• Hardware Platform (Jetson / GPU)
All of the above. • DeepStream Version
5.0 • JetPack Version (valid for Jetson only)
4.4 • TensorRT Version
7.1 • NVIDIA GPU Driver Version (valid for GPU only)
This is a feature request and not a bug. Could box interpolation possibly be added to the next release of the NvBufSurfTransform API. I am making a perceptual image hashing plugin and every pixel in the source image needs to contribute to the hash. Linear, nearest, and other methods throw out too much when scaling down to something as small as 8*8, so box interpolation would be very useful.
If this isn’t useful (and I’d understand why), please let me know and I will roll my own thing in CUDA instead.
Sorry for late response!
Trying to understand it’s use case and how to implement it. If it’s on dGPU platform, the solution must be on CUDA/GPU, on Jetson, will check if it’s doable with VIC.
I think the above link is unrelated. What I’m thinking of is this:
So the issue is that if I scale 1920*1080 down to 8x8 with linear/cubic/whatever It’s going to only sample a few of the pixels, and for my purposes, I need all of the pixels sampled or the image hash could be widly incorrect in some cases.
so the idea is:
chop up the image into 8x8 (or whatever)
For each box the corresponding output pixel is a quantized mean of all pixels in the box.

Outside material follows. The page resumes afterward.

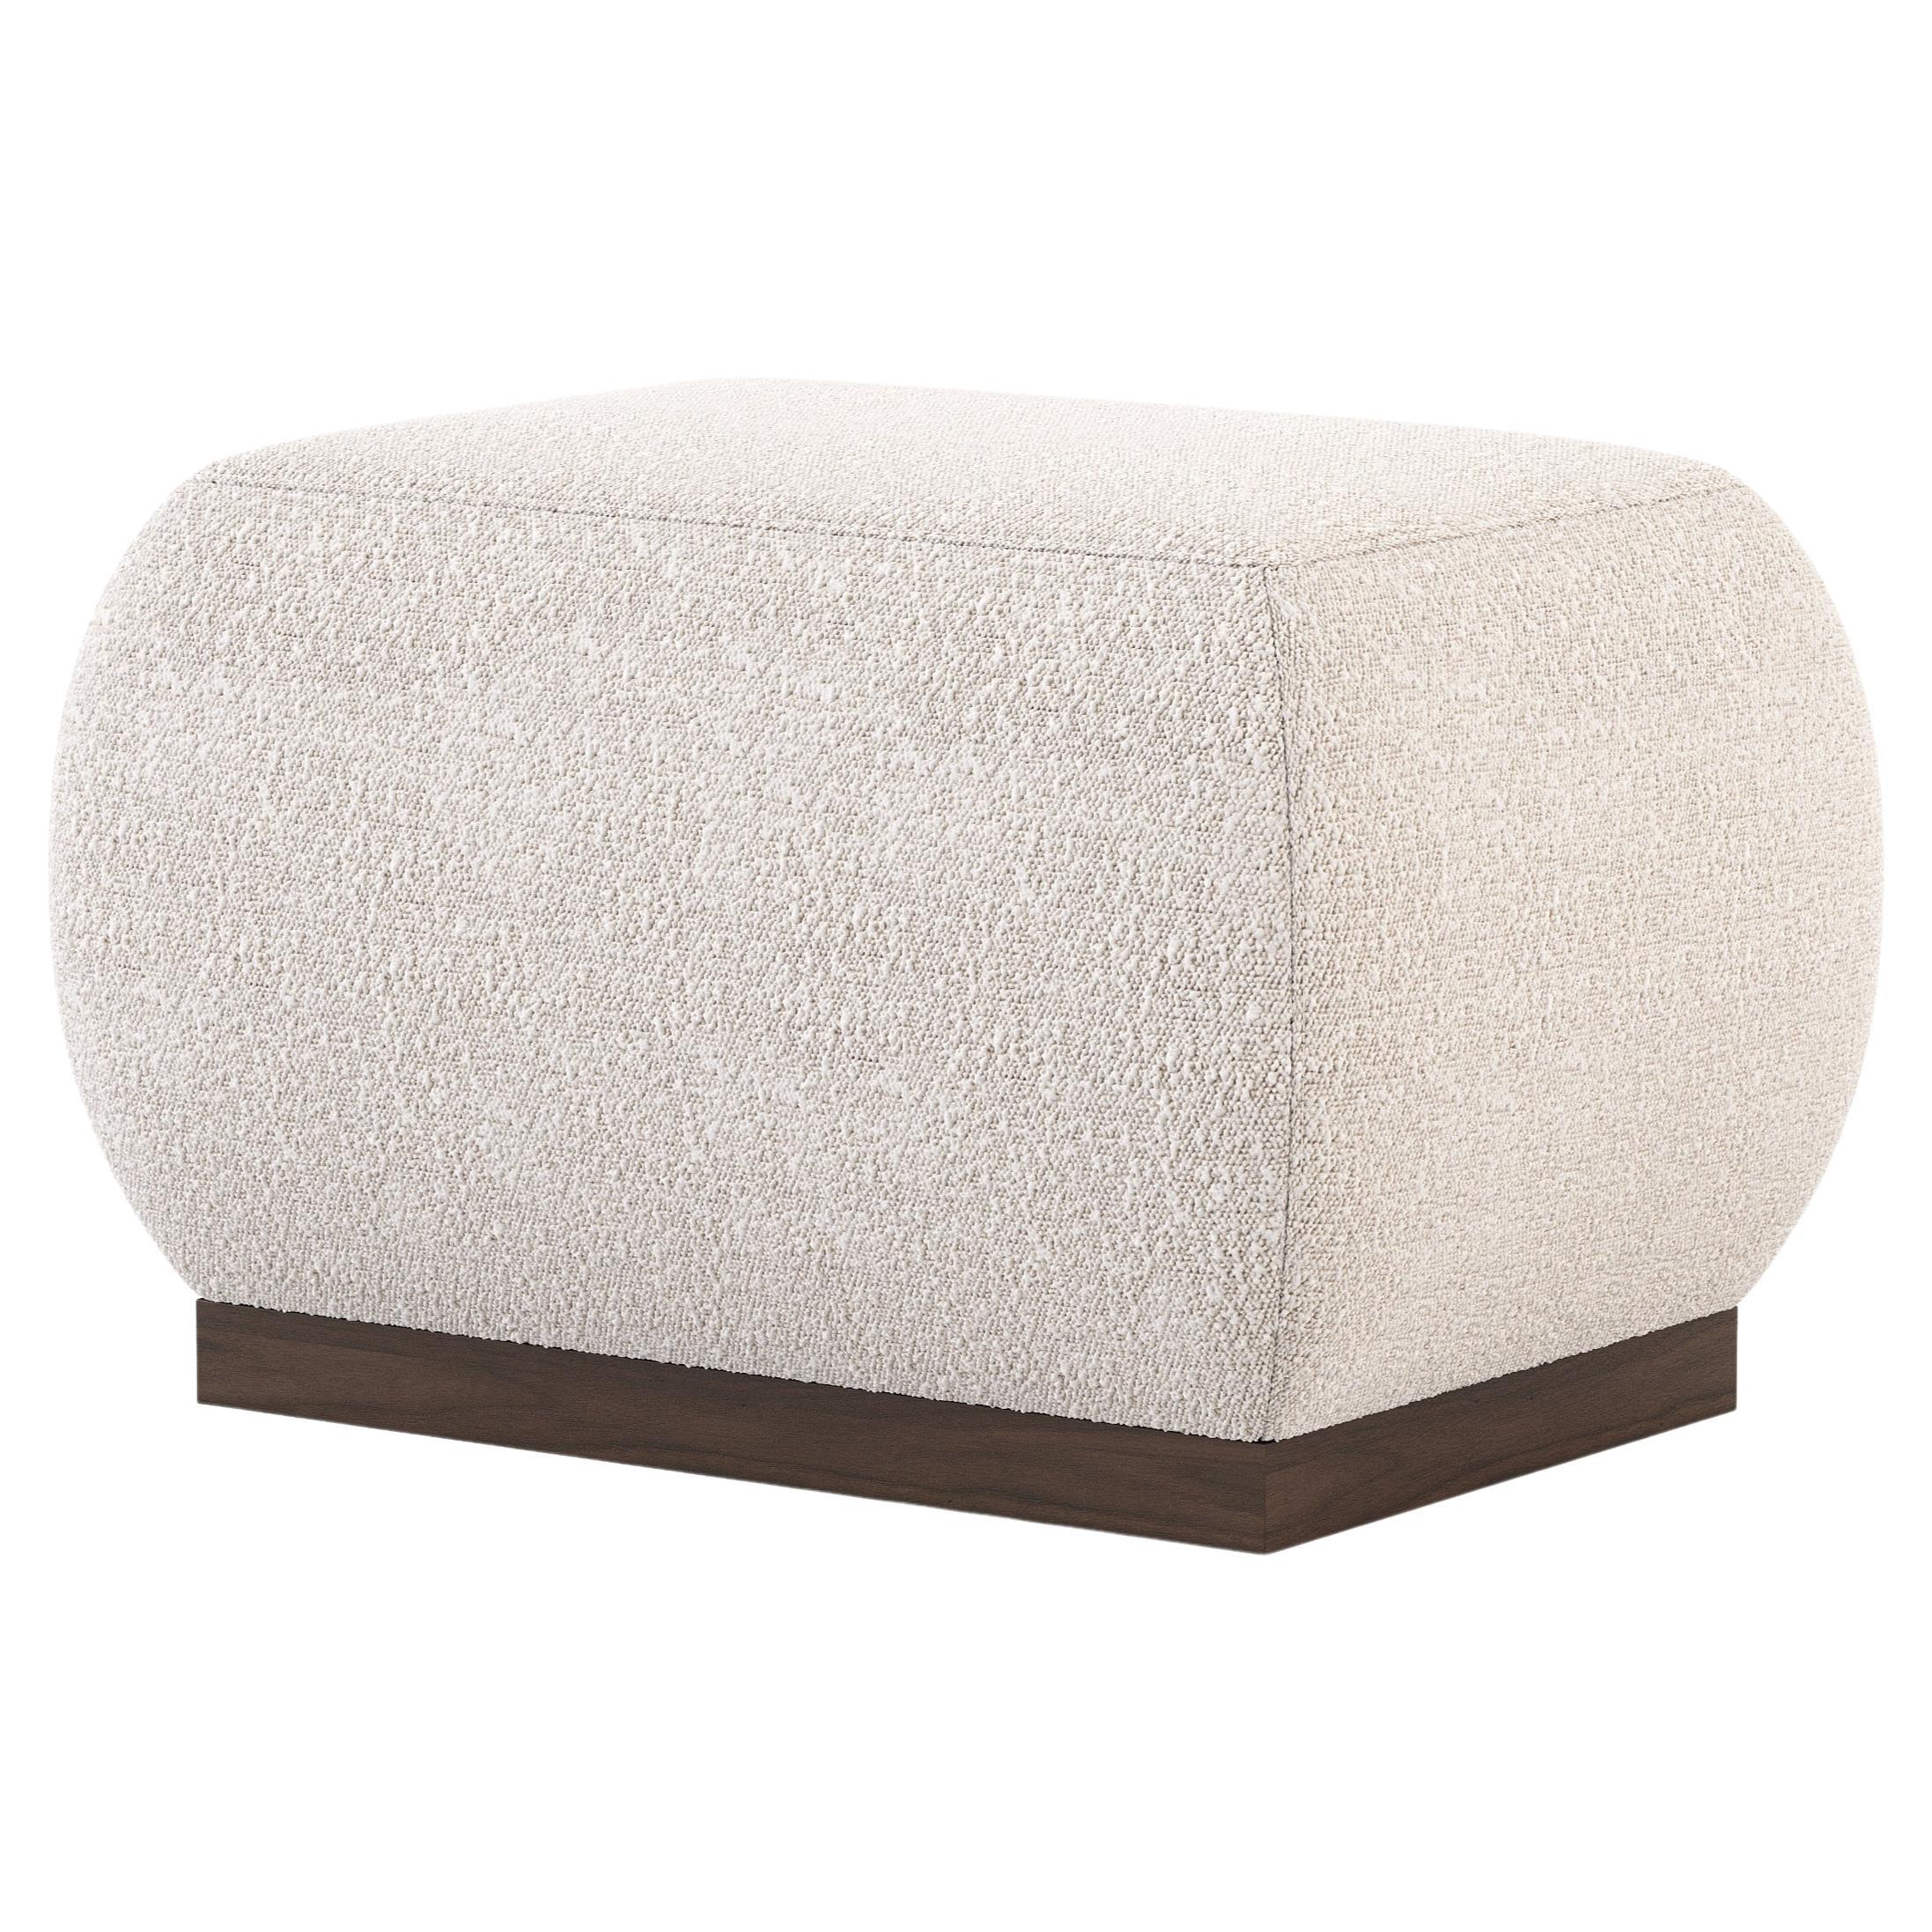 Modern Club Stool Mde with Walnut and Bouclé Textile, Handmade by Stylish Club  For Sale

I don’t imagine it’s super useful outside of my particular use case. My intent is to use the result to detect changes in portions of the image between frames and use that to optimize the rest of the pipeline. For example, if a previous frame (or a portion of it) is more or less identical to the current, maybe it’s possible to skip some work, and when work does need to be done, maybe it’s possible to only do it for that portion of the image (and perhaps neighbors).